The 1788 anthropological novel, Paul et Virginie, portrays the contemporary doomed amorous tale of these two characters who were brought up together in Mauritius (under French rule) by their mothers.
The two painted scenes to the front of each vase are after the artist Henri Frédéric Schopin (French, 1804-1880). One scene depicts the desperate couple in the Mauritian forest having just heard that Virginie must shortly leave to go to France, with Virginie praying at the front and Paul looking away in despair; Fidele, their dog is shown next to them and there is a young man running towards them in the background. The scene on the other vase is known as Les Adieux (The Farewell), depicting Virginie seated and holding Paul's hand- both in sombre mood- with the forest opening to the right and the port in the background.

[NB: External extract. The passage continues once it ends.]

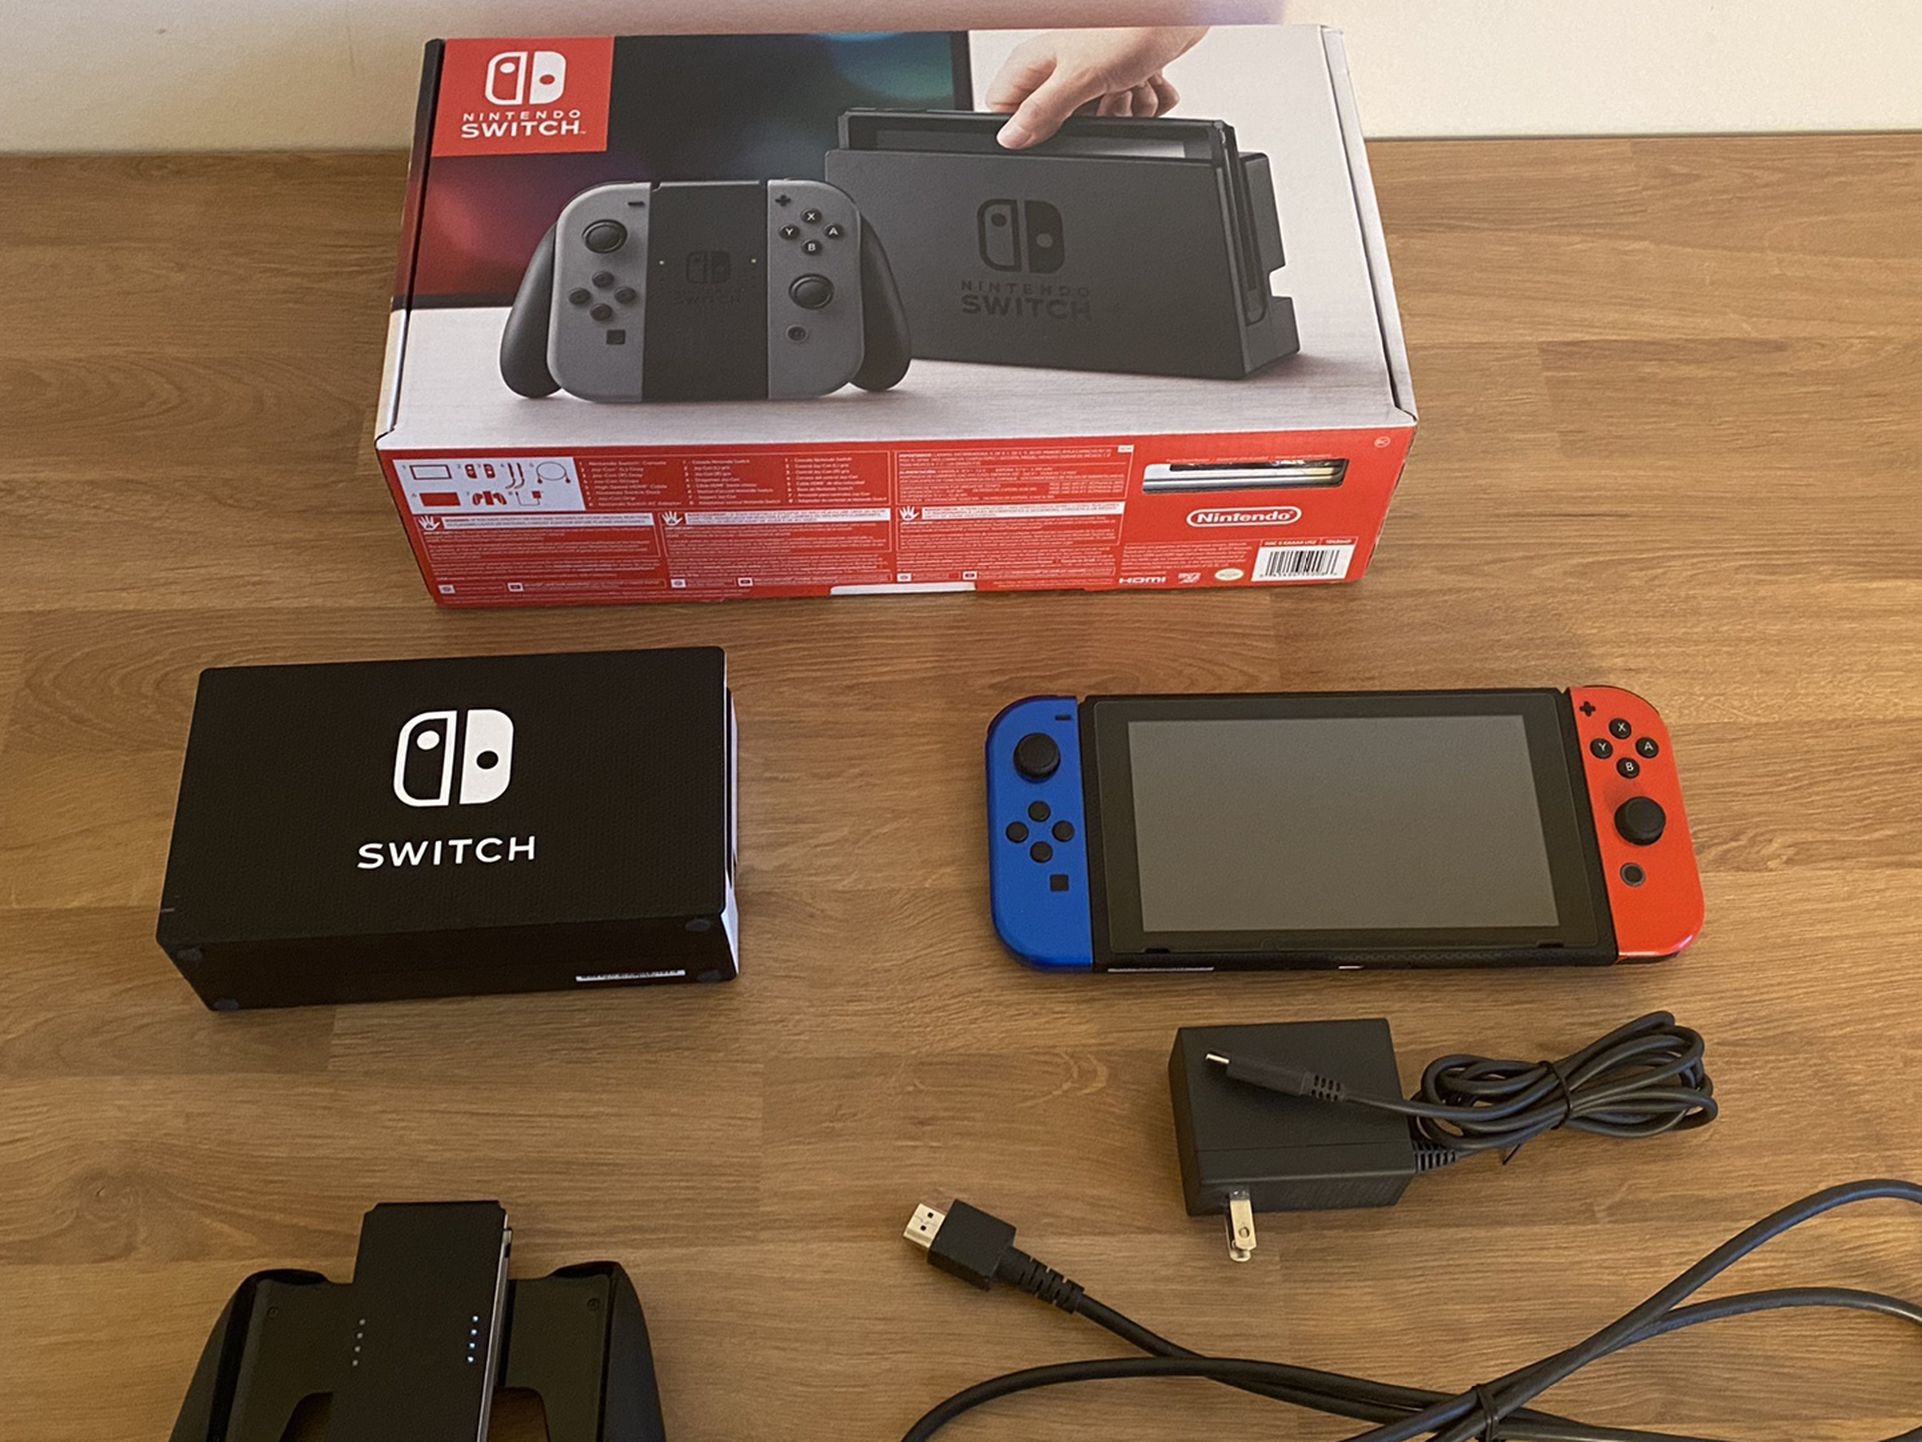 Nintendo Switch With Gray Joy-Con and Dbrand Skin

Les Adieux was painted by Schopin in 1842 and, as well as the other scene shown in these vases, the artist painted various other events from Paul et Virginie. Two of Schopin's paintings are known to have been exhibited at the Paris Salon in 1843 (numbers 1091 and 1092)- it is likely that these were the original paintings depicted on the present two vases. The vases would have probably been commissioned - whilst the paintings were exhibited to the public - with a collector instructing Gille Jeune to recreate them in porcelain. We can therefore date these vases to circa 1843.